Recently, every time I am filling out some kind of form with my personal details and the question “marital status” comes up, I start to smile. Really. I write SINGLE. and this makes me feel good, as good as when I make a nice cup of coffee, I cut a few pieces of cheese and watch my favorite series, alone, in the middle of Friday night. Or when I go to the movies or to the beach with a good book.
Many people would look at such a scene and feel sorry. I get it. In fact, I also feel sorry for them. First, because I find it sad that their happiness depends on being with someone. Second, because I see that they are so used to the fact that one is “alone” with “loneliness.” Perhaps because these people have not yet discovered the tastes and pleasures of privacy. You see, you can be surrounded by friends and feel lonely. Been with your family or in work surrounded by people, even have a two-way relationship, and still feel alone. I bet many of you who are reading this text feel that way, even though there are many people around you. I’ve felt it myself. It takes us a long time to learn to like our own company. To learn, to listen and feel our silences. Being single, unlike loneliness, is a choice. It is making a point of being alone at certain times and feeling good about it.

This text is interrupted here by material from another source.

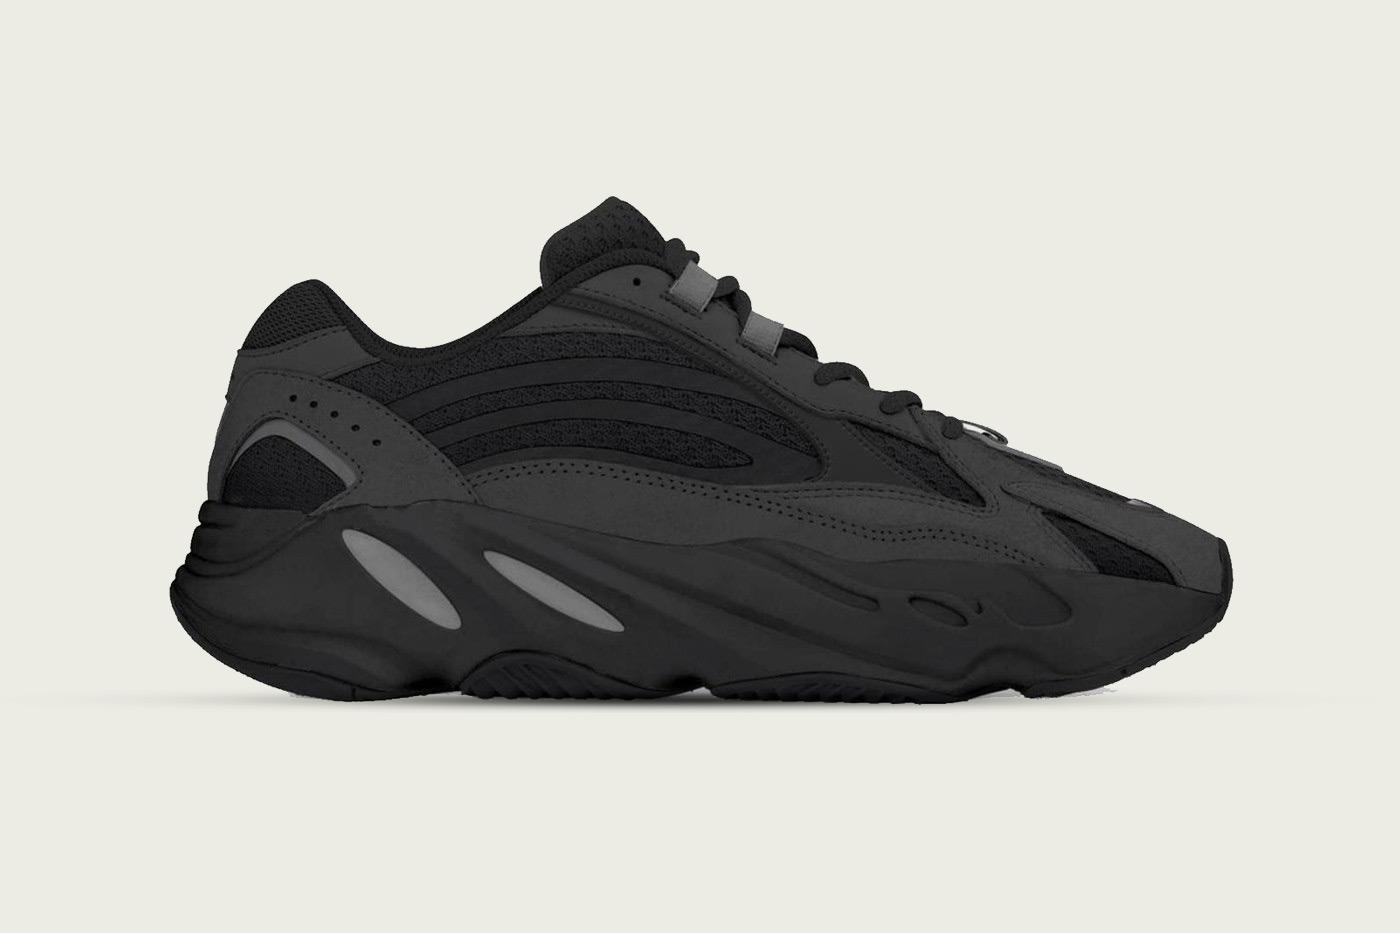 adidas Yeezy Boost 700 V2 Vanta 1

Believe me, there is nothing in the world that is more liberating. I am not here defending individualism or any kind of social isolation. I’m just saying that when you are your best company then you will finally have people participating in your life by choice, not out of desperation. Do you understand? Next time you fill out a registration form, look at the “marital status” field and smile and feel good about your answer. Or because you’re happy, even if you’re alone, or because you’ve found someone who makes you feel even better than you were before. Being happy alone is not enough, but it should be enough. People will come in and out of your life. You will always stay.